The Mojave Desert is one of the best protected distinct ecoregions in the United States as a result of the California Desert Protection Act, which designated 69 wilderness areas and established Death Valley National Park, Joshua Tree National Park, and the Mojave National Preserve. However, the southwest and central east portions of the Mojave Desert are particularly threatened as a result of off-road vehicles, increasing recreational use, human development, and agricultural grazing. The World Wildlife Fund lists the Mojave Desert as relatively "stable/intact".

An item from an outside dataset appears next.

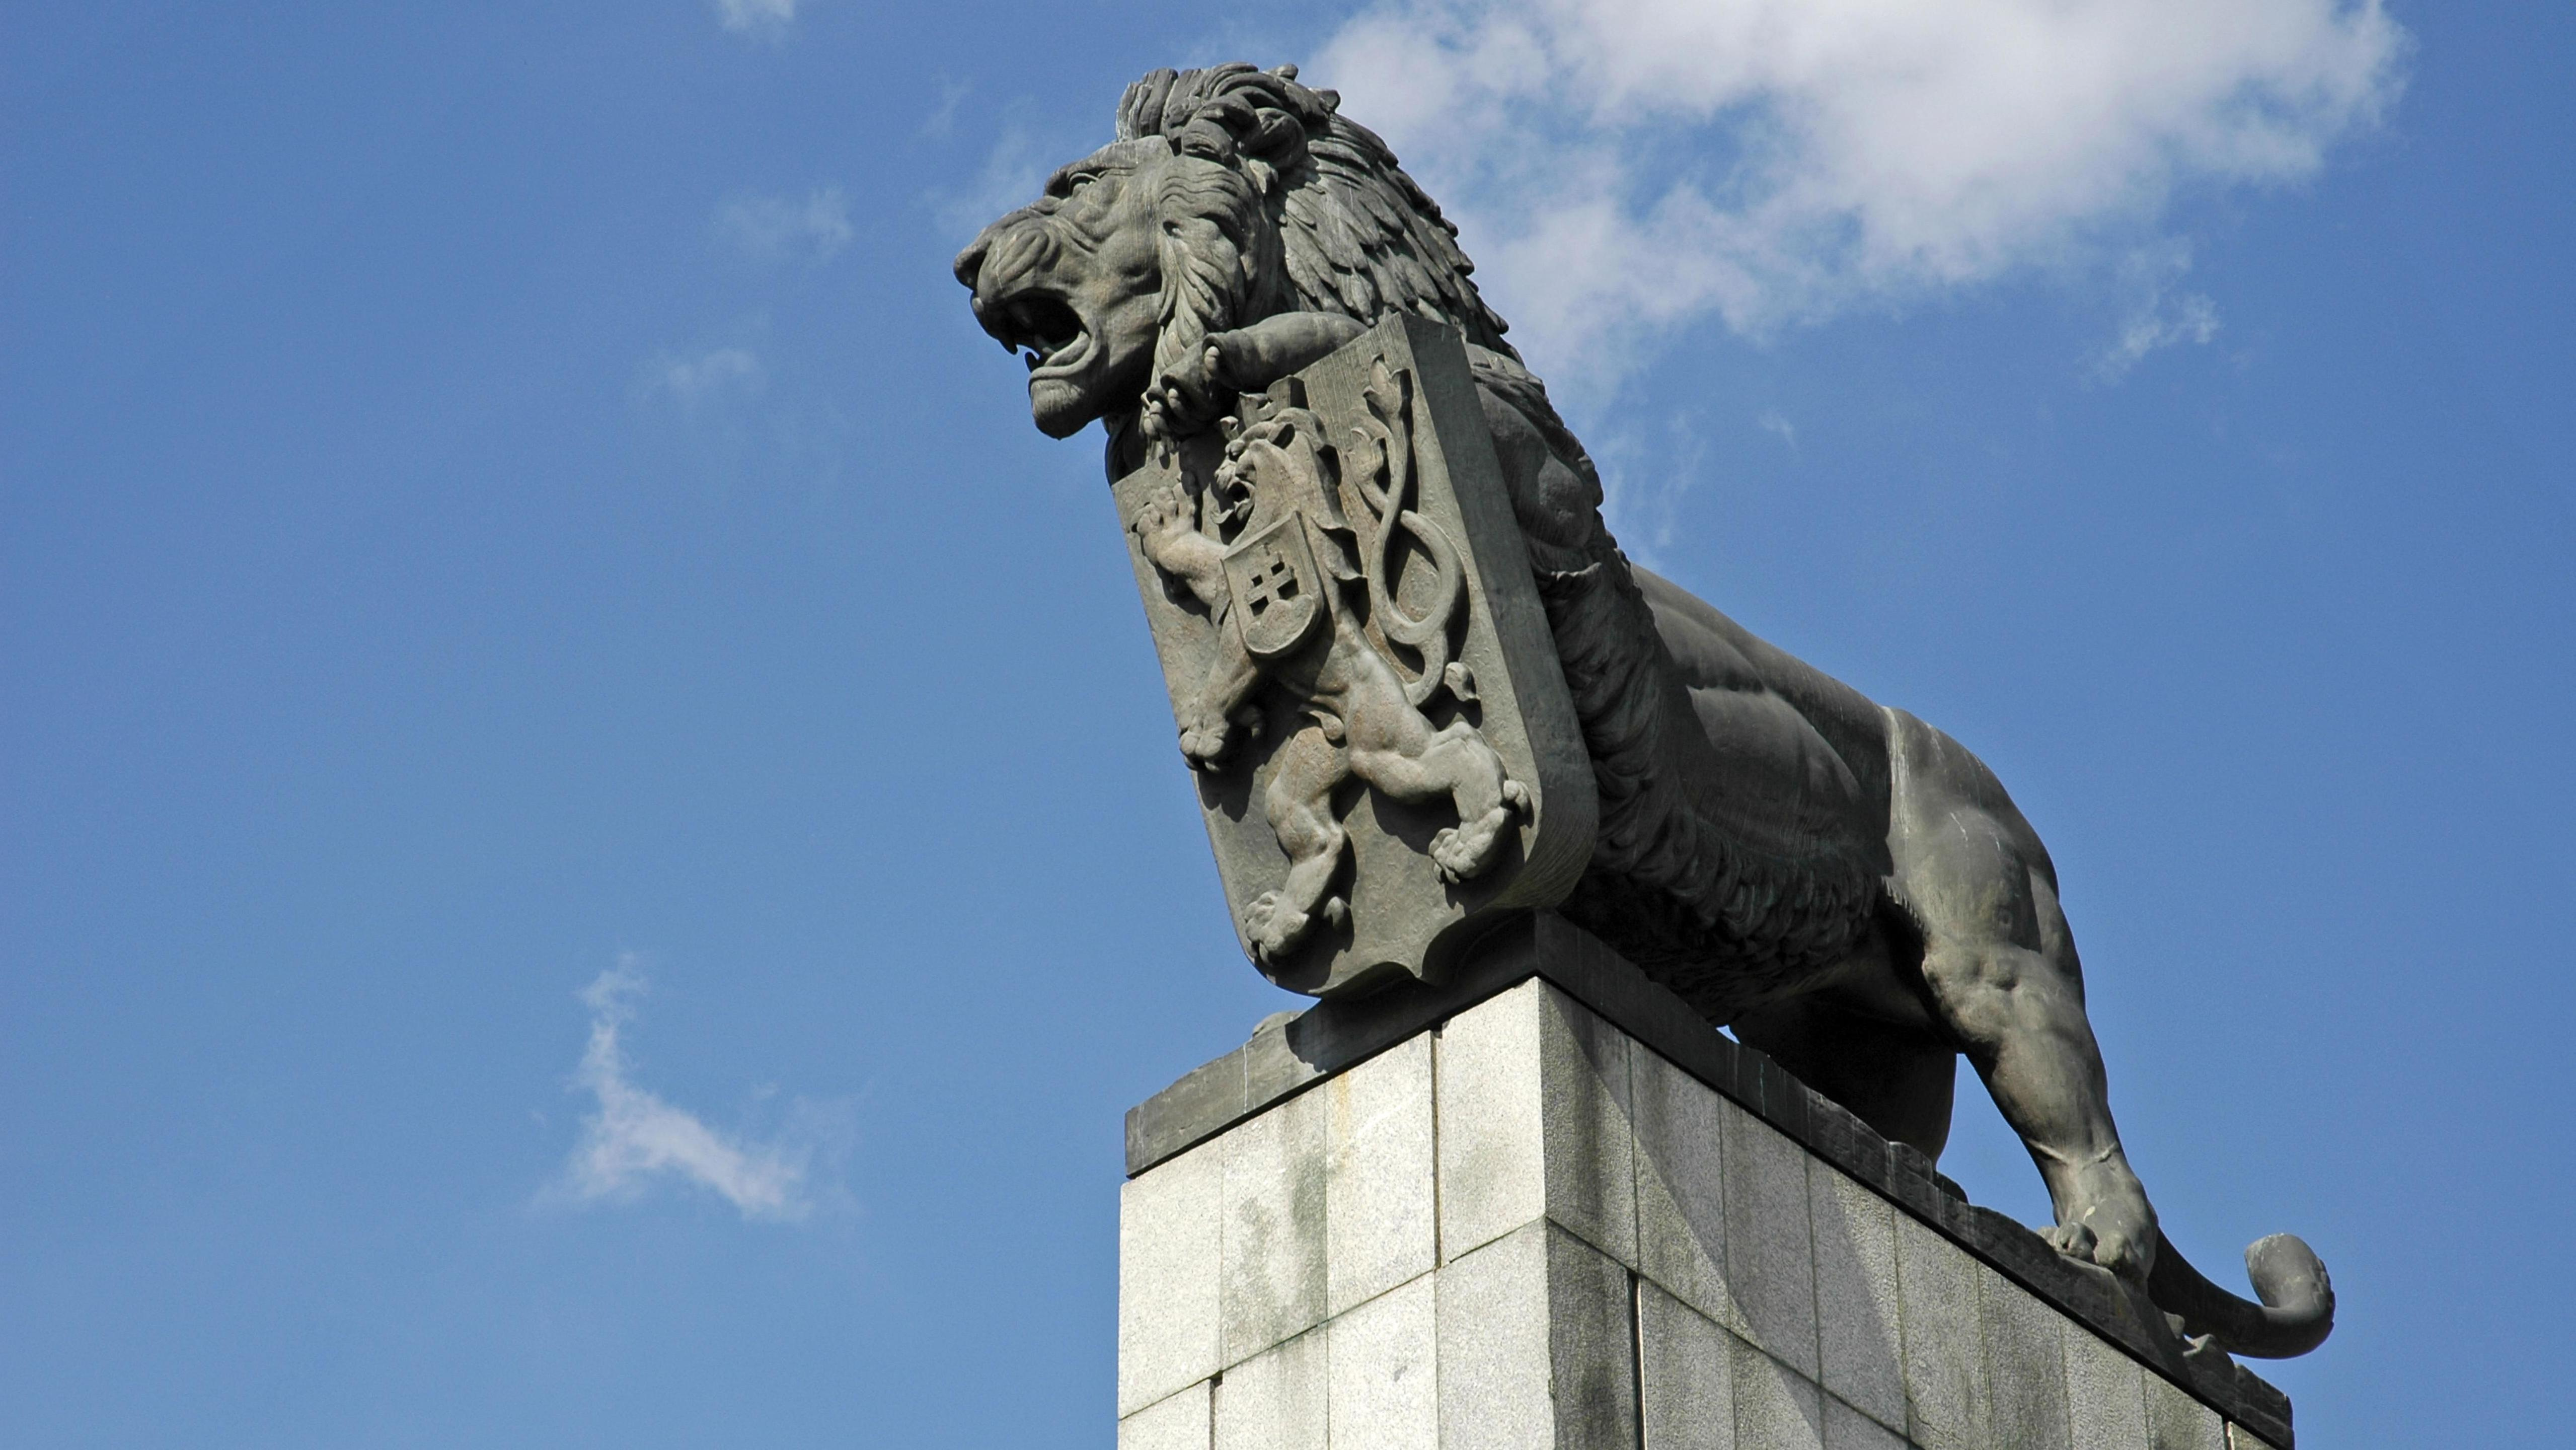 Der Löwe, das Wappentier der Tschechoslowakei, vor dem slowakischen Nationalmuseum in Bratislawa.

Various habitats and regions of have been protected by statute. Notably, Joshua Tree National Park, Death Valley National Park, and the Mojave National Preserve by the California Desert Protection Act of 1994 (Pub.L. 103–433). Various federal and state land agencies have protected regions within the Mojave Desert. These include Antelope Valley California Poppy Reserve, which protects the fields of California poppies, Mojave Trails National Monument, Desert Tortoise Natural Area, Arthur B. Ripley Desert Woodland State Park, Desert National Wildlife Refuge, Lake Mead National Recreation Area, Providence Mountains State Recreation Area, Red Cliffs National Conservation Area, Red Rock Canyon State Park, Saddleback Butte State Park, Snow Canyon State Park and Valley of Fire State Park. In 2013, the Mojave Desert was further protected from development by the Desert Renewable Energy Conservation Plan (DRECP), in which the Bureau of Land Management designated 4.2 million acres of public land as protected wilderness as part of the National Conservation Lands of the California Desert.

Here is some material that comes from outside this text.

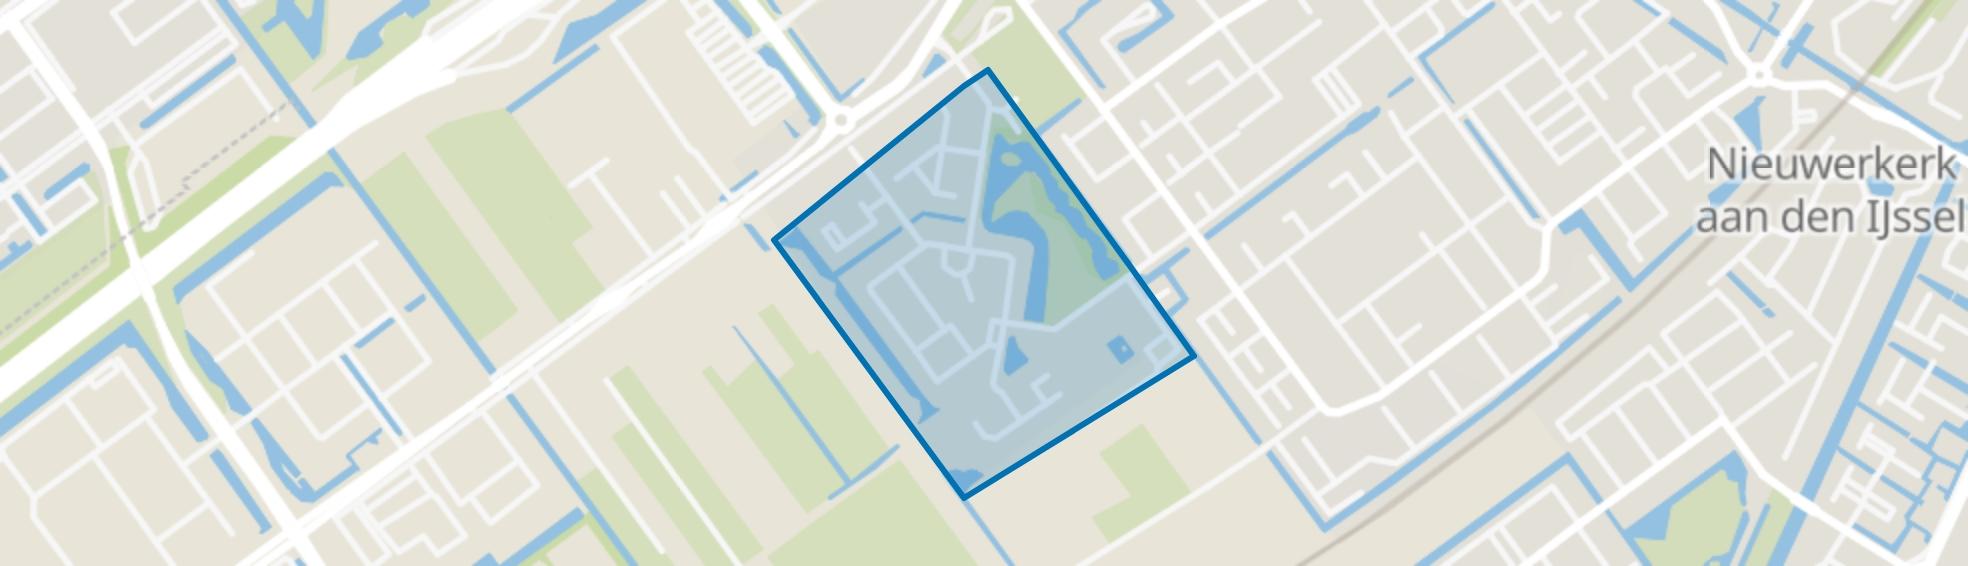 Parkzoom, Nieuwerkerk aan den IJssel map

=== Cultural significance ===
The Mojave Desert has served as a backdrop for a number of films. At least eleven music videos were recorded in the Mojave Desert:
- "Bodies" by Robbie Williams
- "Breathless" by The Corrs
- "Burden in My Hand" by Soundgarden
- "Desert Rose" by Sting
- "Fade into You" by Mazzy Star
- "Frozen" by Madonna
- "Goodbye" by Mimi Webb
- "Make It Wit Chu" by Queens of the Stone Age
- "Run the World (Girls)" by Beyoncé
- "Say You'll Be There" by the Spice Girls
- "That Don't Impress Me Much" by Shania Twain
- "What Took You So Long?" by Emma Bunton

Photographs related to U2's 1987 album The Joshua Tree were taken in the Mojave Desert.

In computing, macOS Mojave was named after the Mojave Desert.